Since 1947, there has been a cafeteria at Roosevelt’s downtown Chicago Campus — though its location has changed several times. During the late 1940s, the cafeteria was located on the south side of the Michigan Avenue lobby, where the marketing and public relations office now lives.
By 1955, the cafeteria was on the Congress Parkway side of the second floor of the Auditorium Building. During the early 1960s, it relocated to the third floor, and later to the second floor corridor facing Wabash Avenue. When the Herman Crown Center opened in 1970, the cafeteria operated on the west side of the second floor. Since 2012, the current McCormick Dining Center on the second floor of the Wabash Building has overlooked the Wabash Avenue elevated train. There have also been cafeterias at two other sites: University Center Chicago and the Schaumburg Campus.
It was not always a serene place to be. In 1947, The Torch student newspaper called cafeteria food “sleazy and monotonous … and carelessly and amateurishly prepared.” Some students that year discussed creating a cooperative cafeteria. In 1949, the Student Council voted to boycott the cafeteria if it did not improve, and an editorial in The Torch noted the “not-so-spotless silverware, the restricted menu, the oft-times poorly prepared food, and the mediocre seven-cent coffee.”
Over the years complaints continued, and in 1971, a student guide called Truckin’ Thru RU helpfully listed local restaurant alternatives because the cafeteria was a place where “plastic-wrapped sandwiches and sterile hot dishes turn our stomachs.”
Others have fonder memories. Earl Rodney (BBA, ’54) recalled that his favorite dish in the cafeteria was “ham hocks and lima bean stew”; Ethel Crisp (BA, ’74), some 20 years later, remembered the “delicious hamburger with lots of pickles.” One anonymous student during the 1970s treated himself every day to a Suzy Q snack cake. More recently, Arielle Antolin (BA, ’16) proposed the addition of a “grilled pepper jack cheese and burger with bacon bits on white bread.” The cafeteria adopted the suggestion and promptly named the sandwich “The Arielle A+ Burger.”

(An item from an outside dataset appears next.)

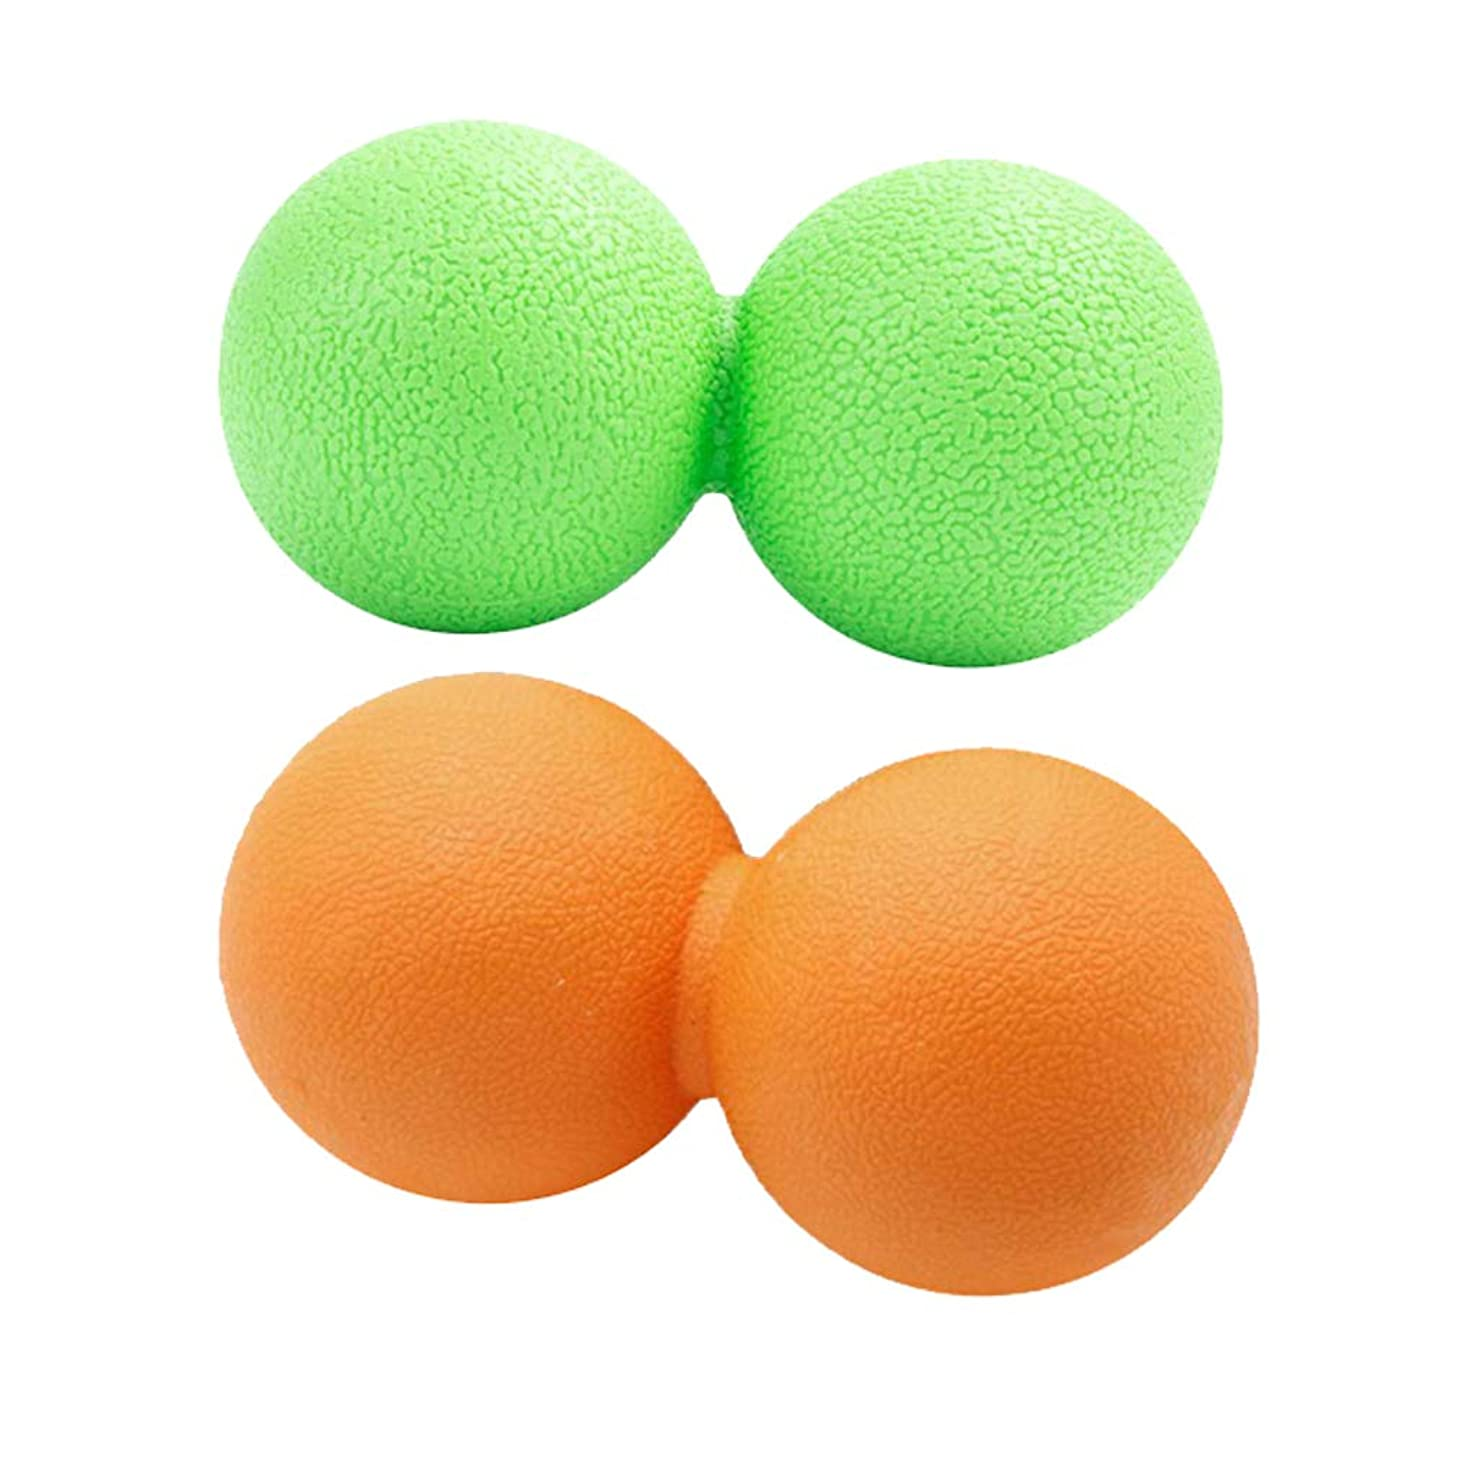 ガイダンス統合補うF Fityle マッサージボール ピーナッツ型 筋膜リリース トリガーポイント 緊張緩和 健康グッズ 2個入

“The pizza puff: ridiculously greasy but my treat to myself after a jam-packed day of classes.”
Bianca Milligan (BA, ’17)
Michael Shatz (BM, ’50) wrote in the book Memories of the First 60 Years that the cafeteria was a “melting pot of races and nationalities” and “the heart of the school.” Similarly, retired U.S. diplomat Jacques Paul Klein (BA, ’63; MA, ’73) remembered the cafeteria as “the focal point for our debates, arguments and critiques but — most importantly — camaraderie … Who could not help but be enriched by such a multiethnic, multiracial, multicultural and diverse student body?” In contrast, others noted that there was sometimes self-segregation of students by race, religion, athletic identity, gender or college.